Georgetown is the new Fremont.

This is the fourth most-often uttered phrase in Seattle, after “hello”, “please”, and “give a hoot, don’t pollute”. Fremont is apparently where all the interesting stuff that happened twenty years ago that makes people want to move here now happened, and Georgetown is apparently where it is happening now. Of course, nobody talked about Fremont like that when it was rough and real and cool, but memory is a strange beast.

Georgetown is full of artists leading gritty, sexy lives in unheated lofts that used to be factories and they drink dollar PBR in smoky, up-and-coming dive bars and they eat avante garde up-and-coming dive bar food and they listen to music that mere mortals find painful to be in the same room with and they don’t even have their finger on the pulse: they are the pulse. At least, this is the sense I get about Georgetown six months after moving here.

I don’t live anywhere near Georgetown.
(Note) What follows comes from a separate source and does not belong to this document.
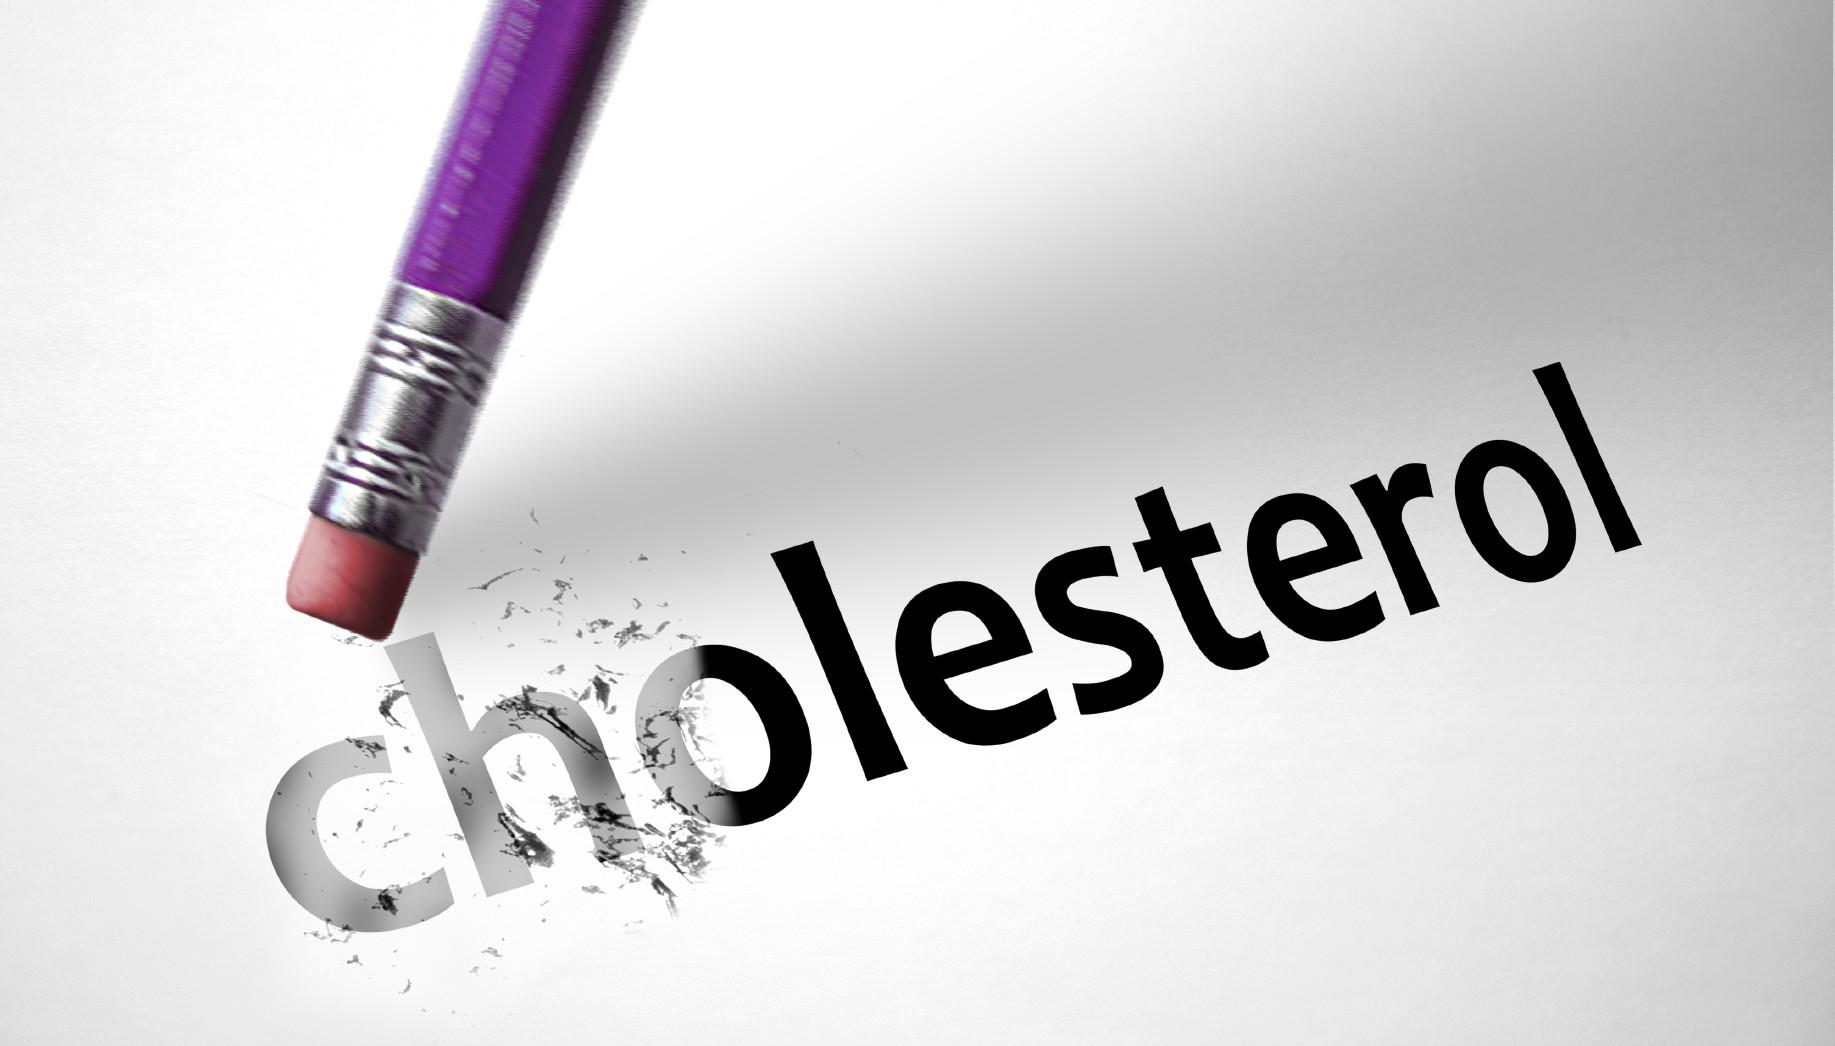 cholesterol-erasing

In fact, I couldn’t ever live there: I’m deathly allergic to aviator sunglasses and anyone who has ever uttered the phrase “yeah, bukowski totally changed everything for me”. I would go into anaphylactic shock and die.

But I can pack my epi-pen and go there for a night, I suppose, which is good, because Georgetown is the home of a new restaurant called the Squid and Ink, a vegan dive bar pub-by sort of establishment. I can tell this place is unspeakably cool and utterly indifferent when I pull up in my old champagne honda civic and feel ashamed to park and get out of my car. I already feel bad about myself and I haven’t even stepped inside the door yet. If I were the Old Spaghetti Factory and I met the Squid and Ink, I would go home, put on an R.E.M tape, and kill myself.

I am at a place like the Squid and Ink and not at the Old Spaghetti Factory because this time the date suggested that I pick the place, and I am clearly a glutton for punishment. The only thing better than eating an overpriced meal at a mediocre Seattle restaurant is eating in an overpriced, mediocre restaurant that can make you feel uncool and unworthy of the vinyl booth you sit upon at the same time. I had read a review for Squid and Ink awhile ago in the Stranger and the review was nothing special, but the name stuck with me. I think Squid and Ink is a great name. There are a whole passel of restaurants I would love to eat at, just because of the name: How to Cook a Wolf, Bizzarro, Earth and Ocean, the Stumbling Monk. I have no idea what kind of food is served at any of these places; they are probably all some version of overpriced and/or mediocre. Who cares? Also, I don’t eat meat and restaurants that serve fake-meat substitutes have a special place in my heart, and Squid and Ink is full of fake-meat substitutes.

squid1.jpg

My date is almost as early as I am (I am only twenty minutes early this time). She has a lot of hair and nice boots and birds of the DIY-esthetic sewn onto her jacket. Holy fembots, batman. She is probably the first queer woman in Seattle I’ve met with long hair and a jacket that matches her shoes (and not black leather; that doesn’t count). 95% of the queer women in Seattle resemble (or attempt to resemble) Shane from The L Word. The other 5% have unkempt ponytails and play Dungeons and Dragons. This is exciting; Nice Boots looks even more out of place than I do here.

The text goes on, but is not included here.